Extracted information —
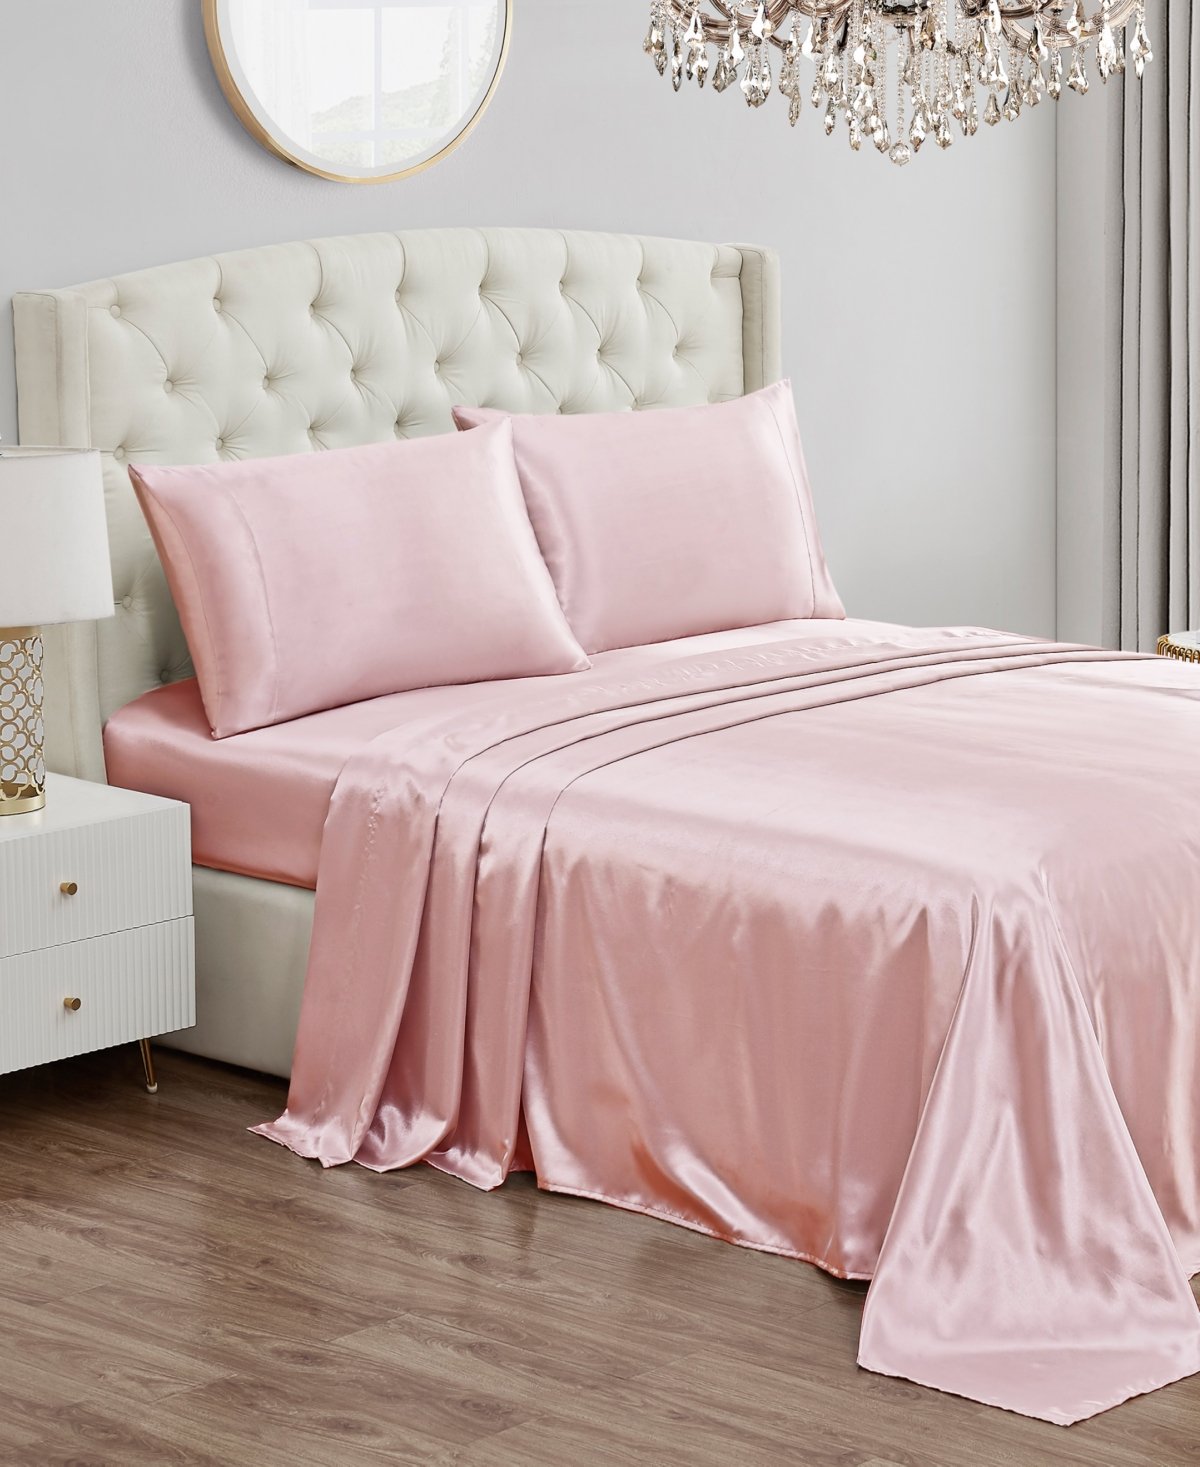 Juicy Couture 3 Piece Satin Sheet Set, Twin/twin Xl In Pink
* * *
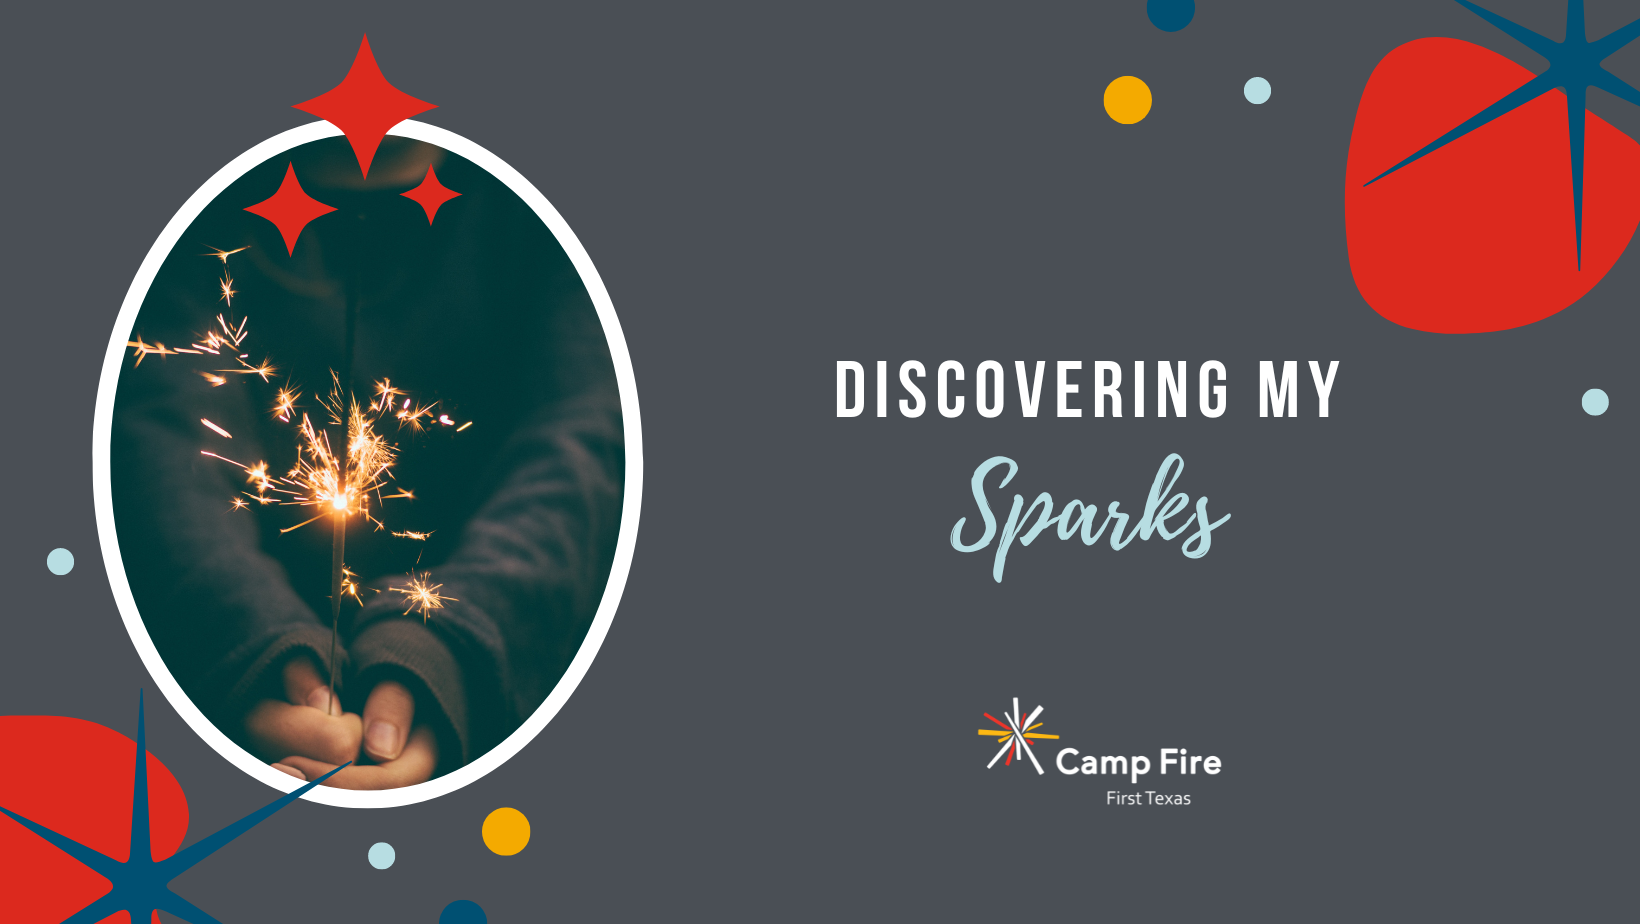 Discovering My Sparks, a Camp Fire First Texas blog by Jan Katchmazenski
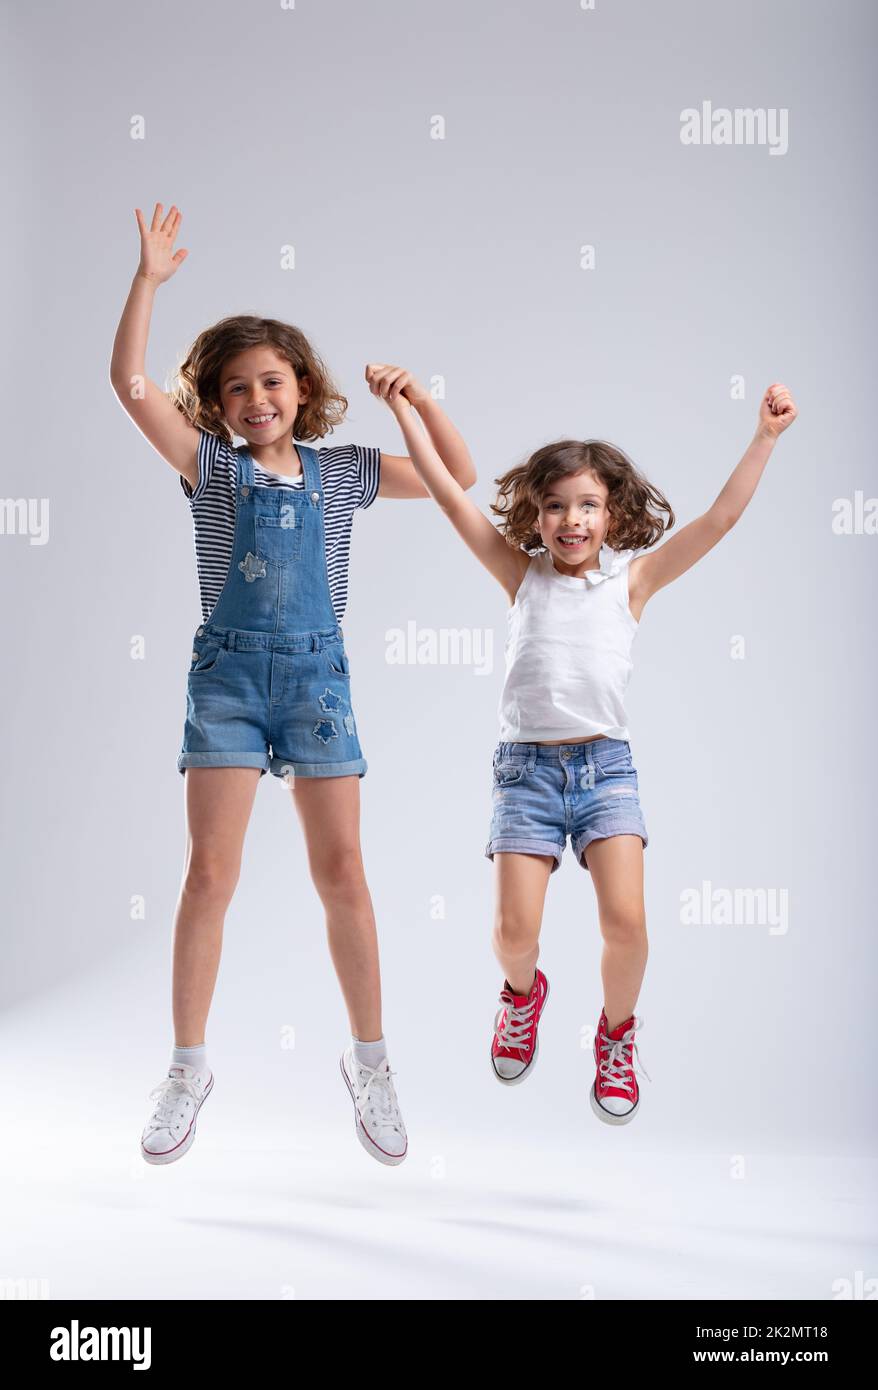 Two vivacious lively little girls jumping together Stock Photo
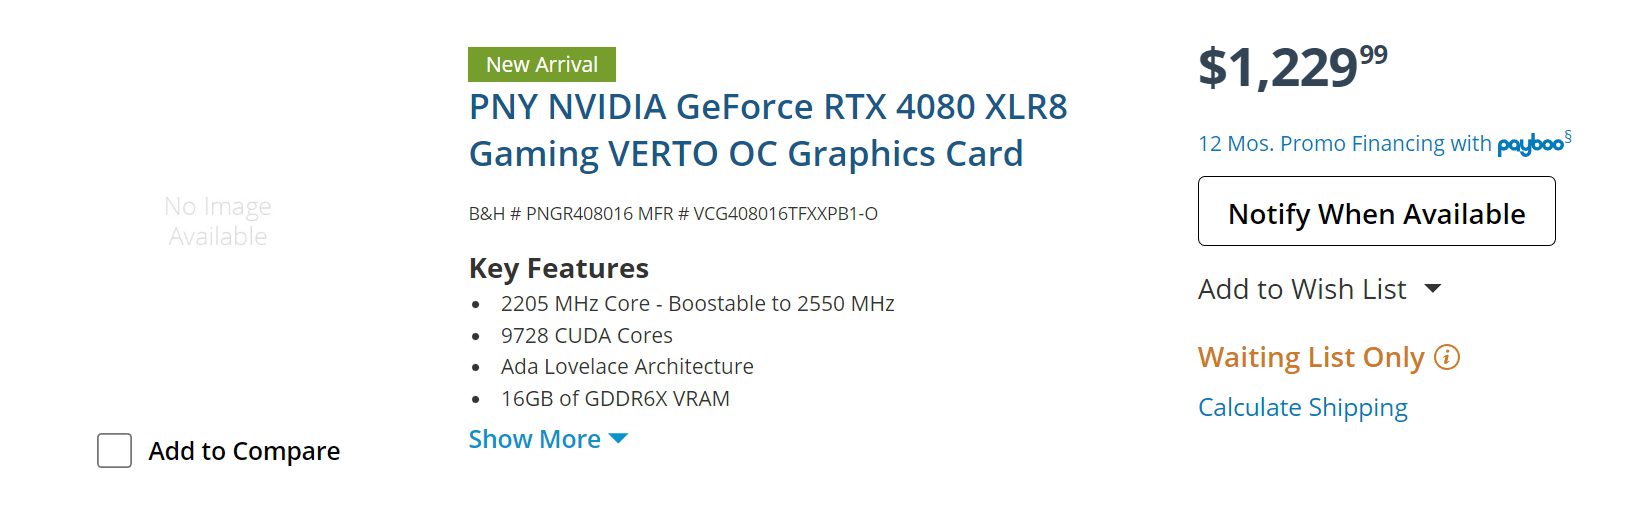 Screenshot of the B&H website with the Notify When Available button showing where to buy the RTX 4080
* * *
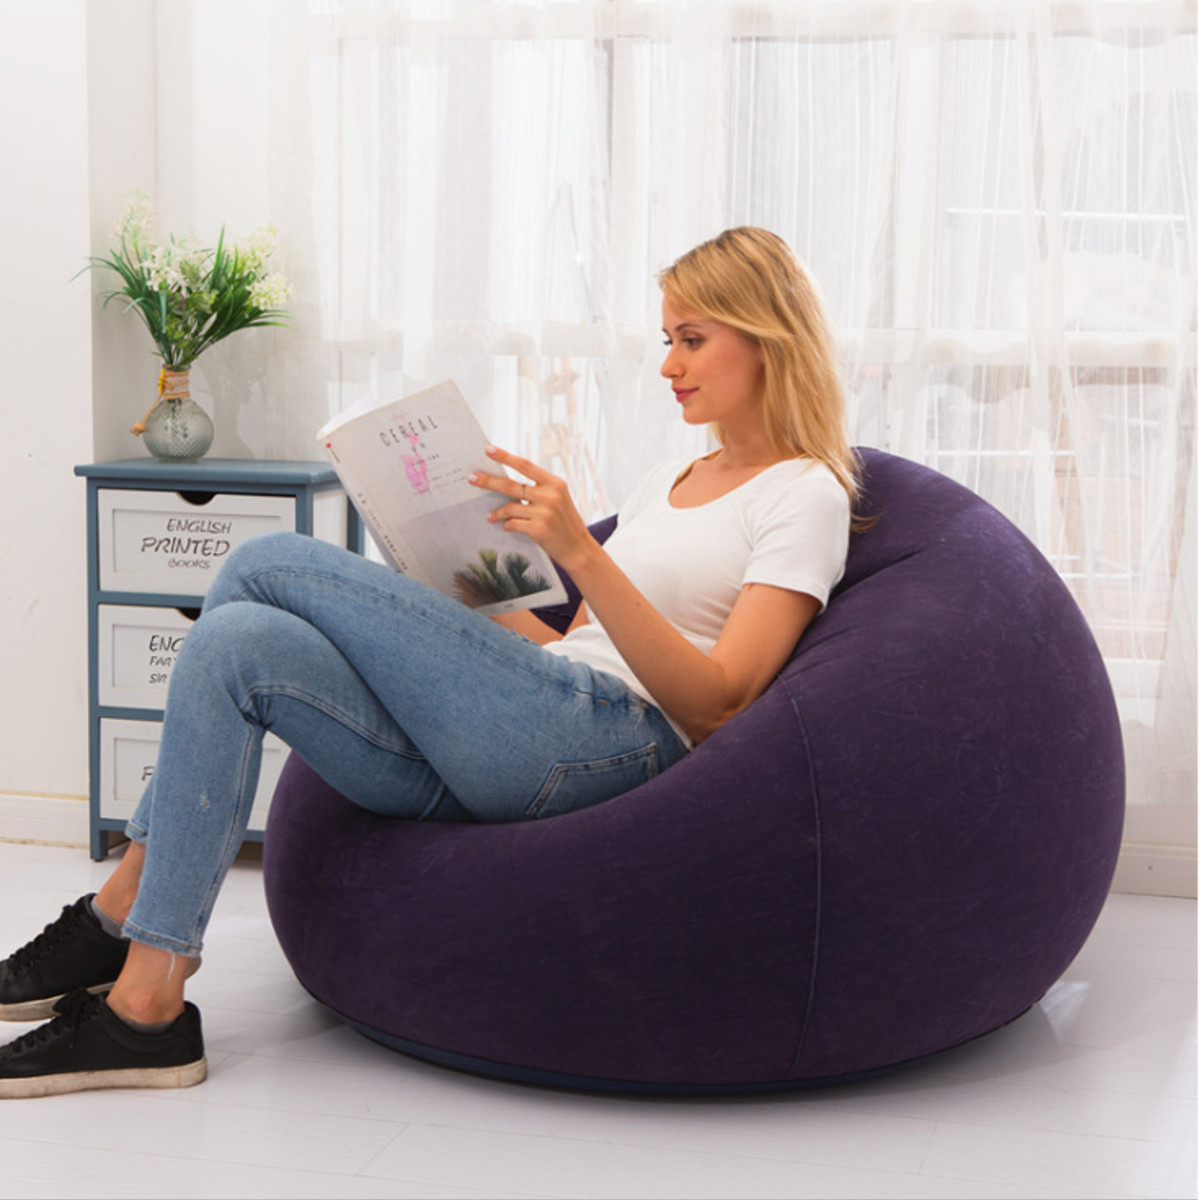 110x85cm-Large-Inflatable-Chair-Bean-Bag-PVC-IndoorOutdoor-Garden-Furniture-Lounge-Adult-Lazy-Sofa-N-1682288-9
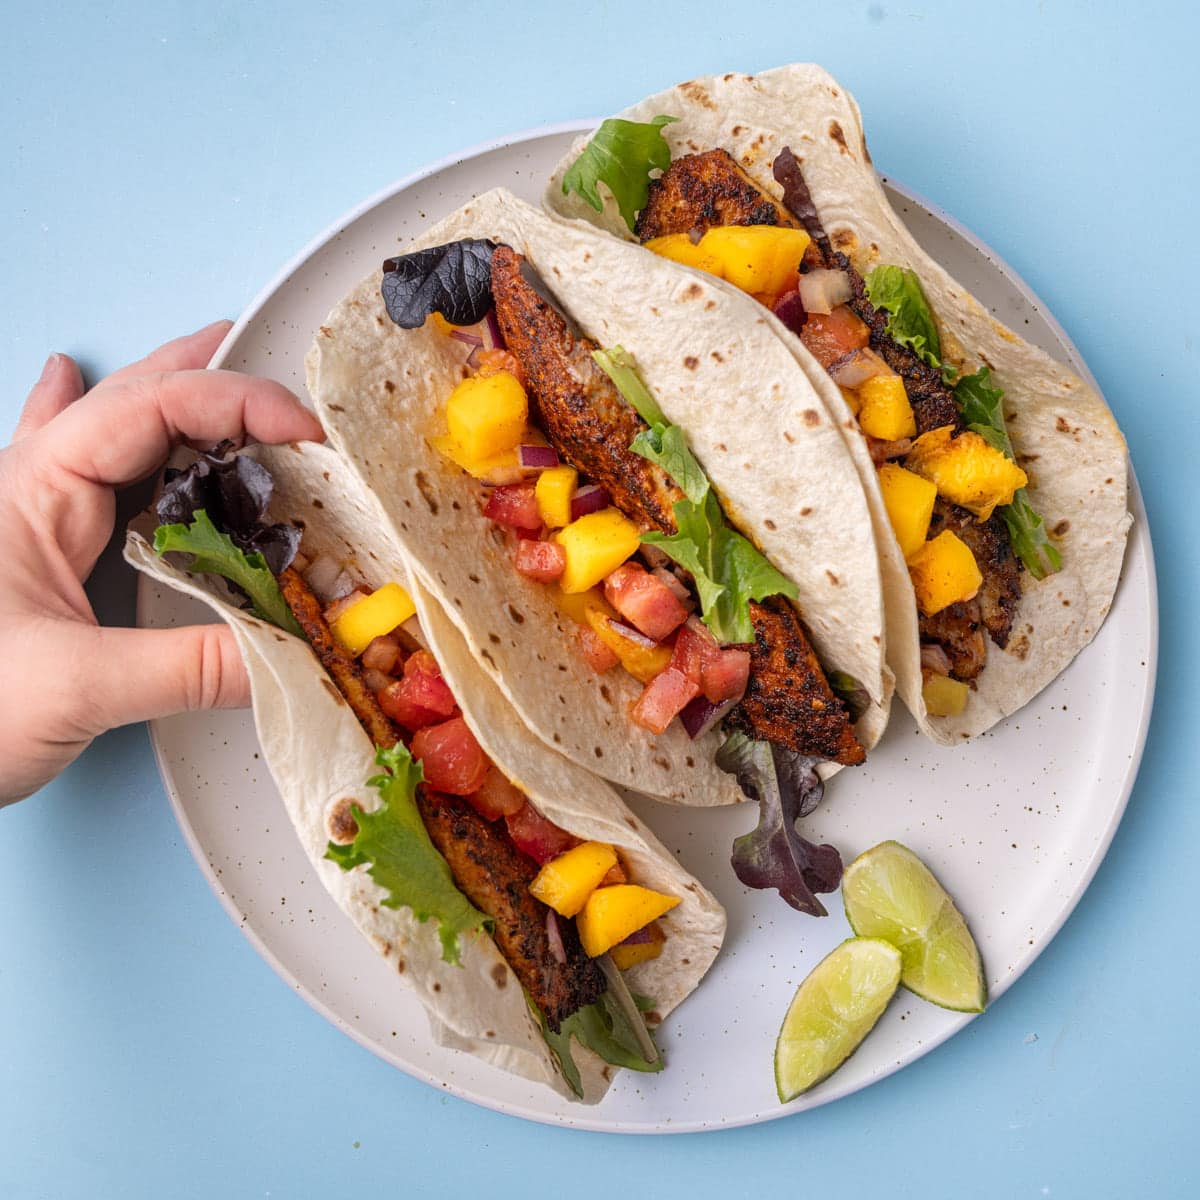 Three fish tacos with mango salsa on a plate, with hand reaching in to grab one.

What to produce —
Copy word for word the lines of the records above from the one with "Discovering My Sparks, a" up to and including the one with "Screenshot of the". Skip the pictures.

Task response —
 Discovering My Sparks, a Camp Fire First Texas blog by Jan Katchmazenski
 Two vivacious lively little girls jumping together Stock Photo
 Screenshot of the B&H website with the Notify When Available button showing where to buy the RTX 4080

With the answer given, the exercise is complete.